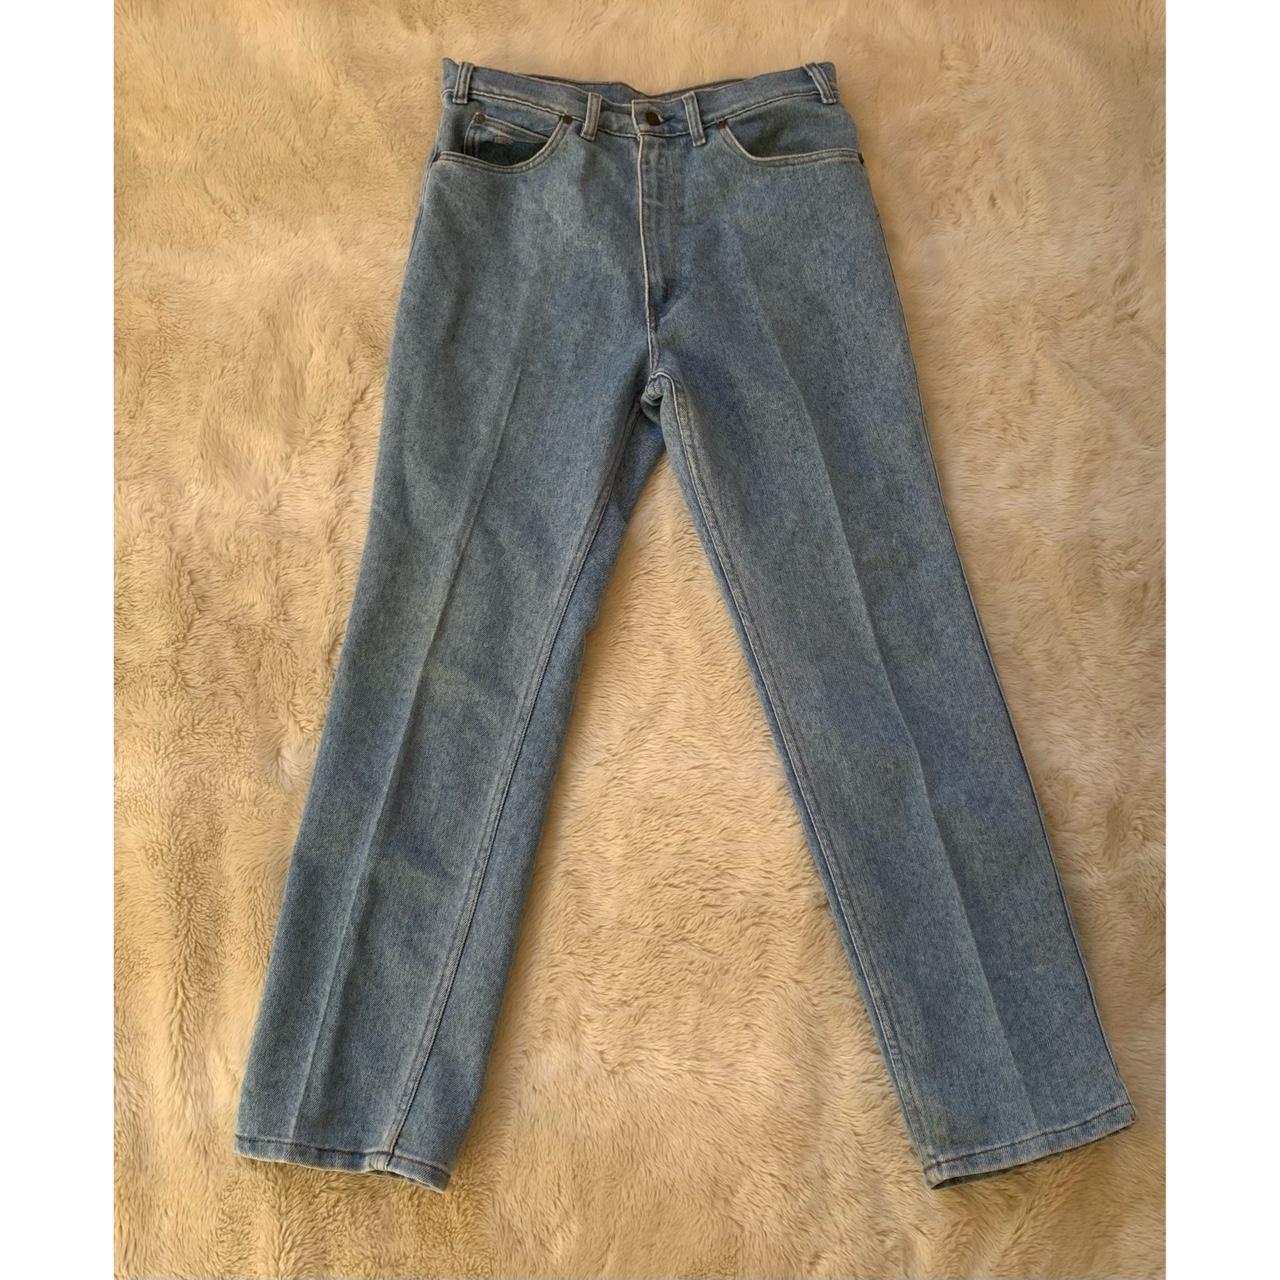 Vintage 90s Levi's Silver Tab Jeans in good gently... - Depop
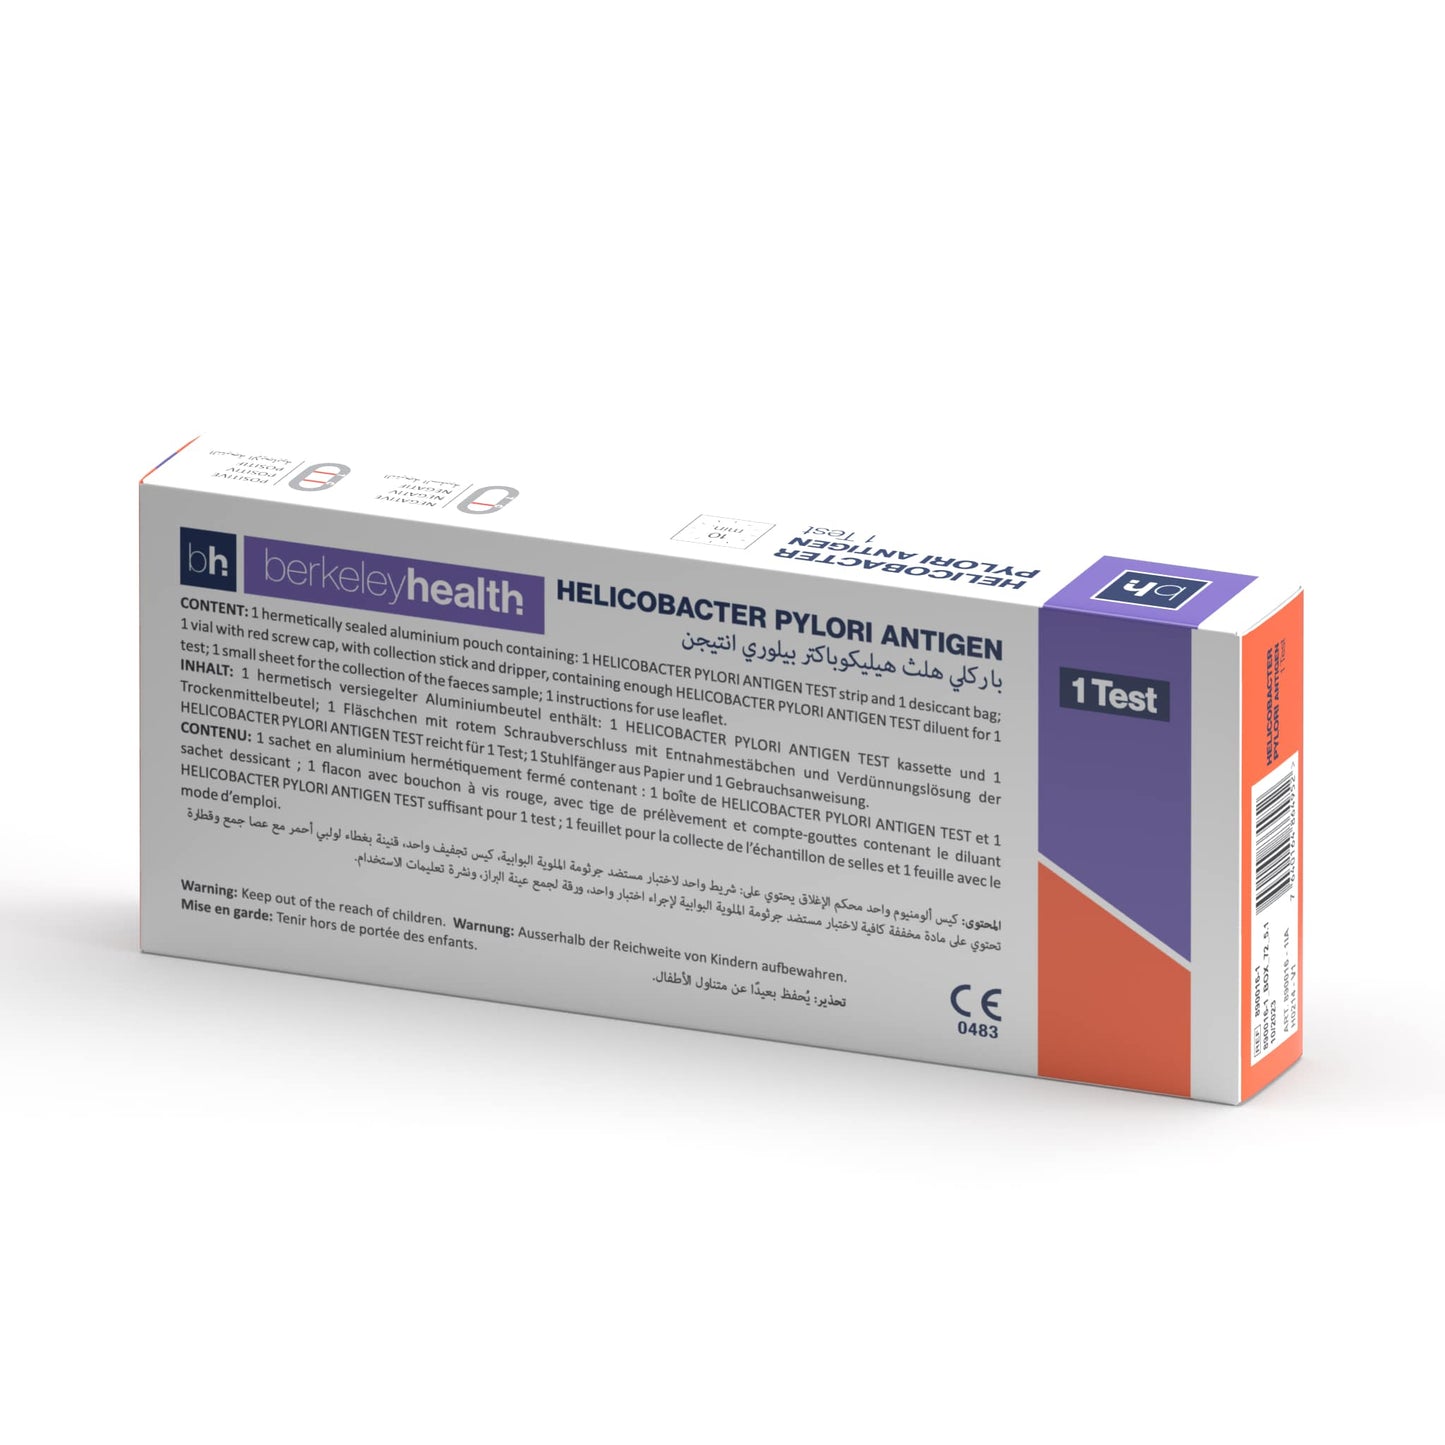 berkeleyhealth Helicobacter pylori Antigen Rapid test (Self Testing Use)
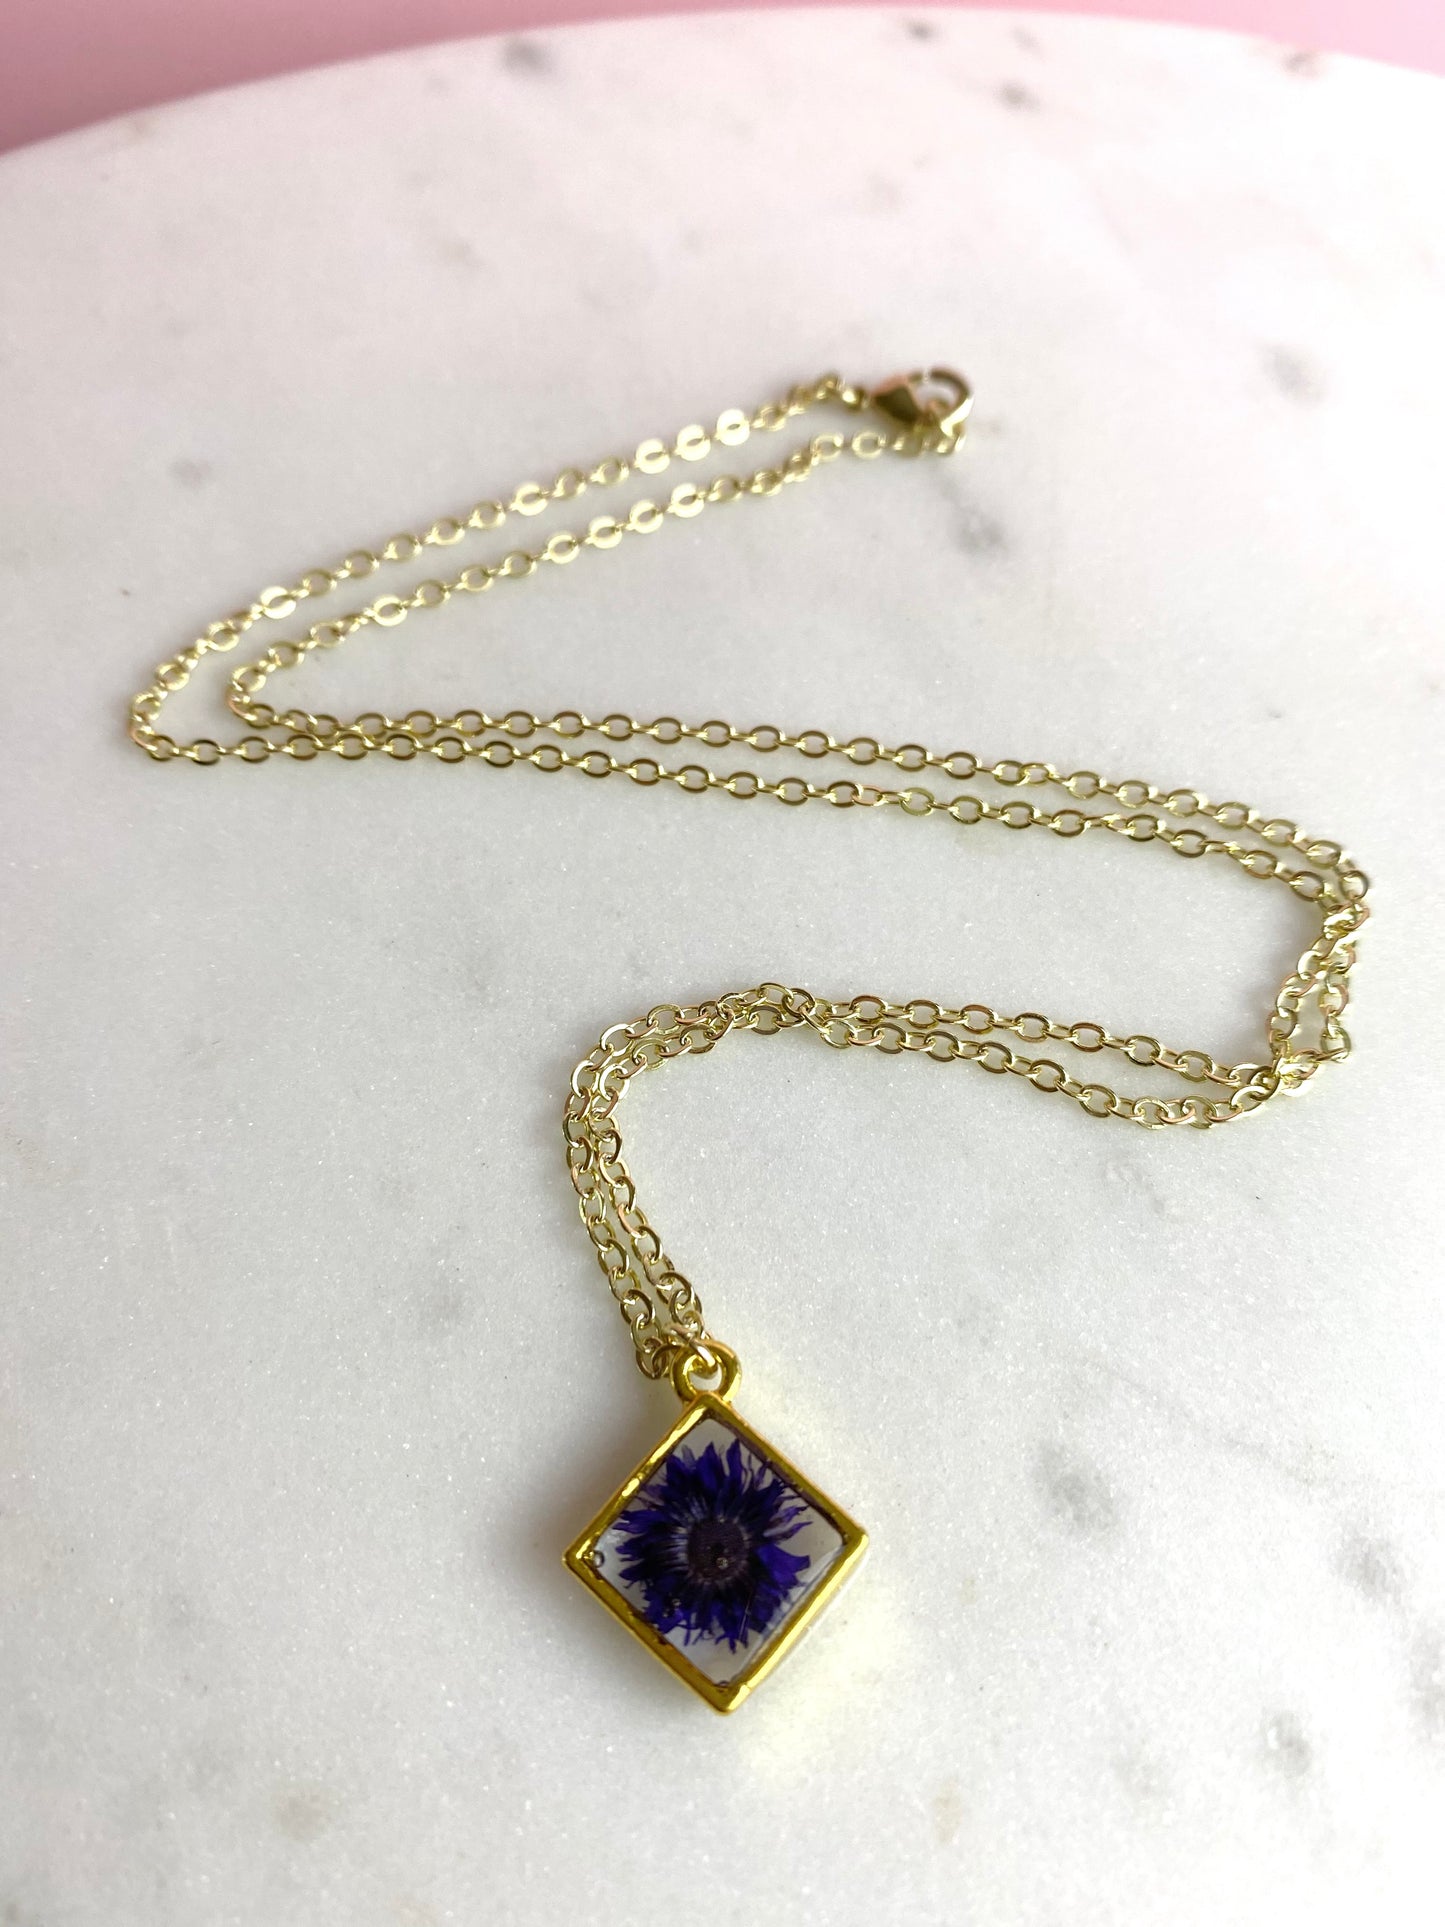 Pressed Flower Necklace | Navy Blue Daisy Diamond | Handmade Jewelry
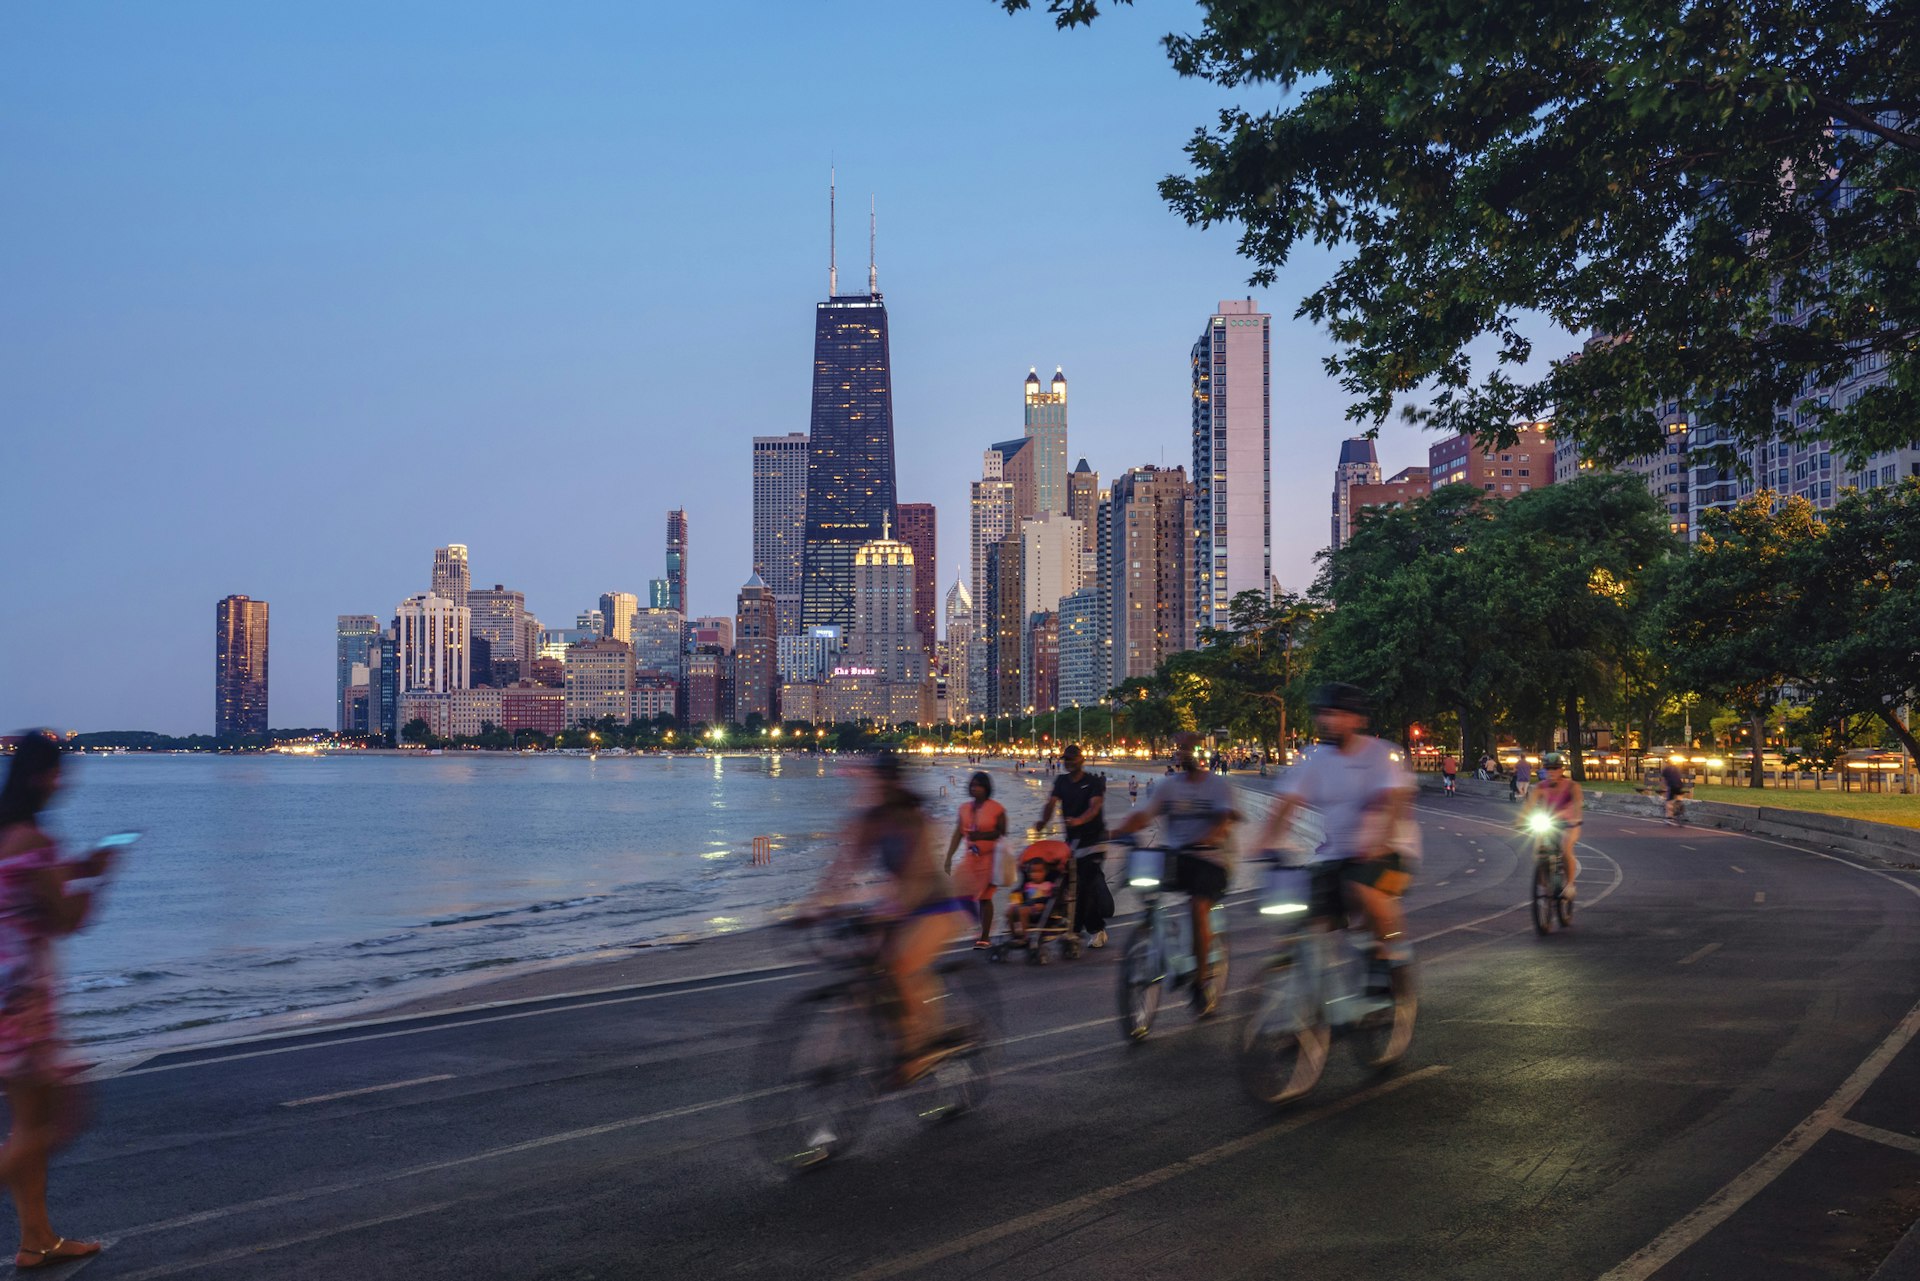 People riding bicycles at night along Lake Michigan, Chicago, Illinois, USA

_What you should do_. Please copy out the material above exactly, with the images removed.

_Task answer_.
 Vintage 90s Levi's Silver Tab Jeans in good gently... - Depop
 berkeleyhealth Helicobacter pylori Antigen Rapid test (Self Testing Use)
 Pressed Flower Necklace | Navy Blue Daisy Diamond | Handmade Jewelry
 People riding bicycles at night along Lake Michigan, Chicago, Illinois, USA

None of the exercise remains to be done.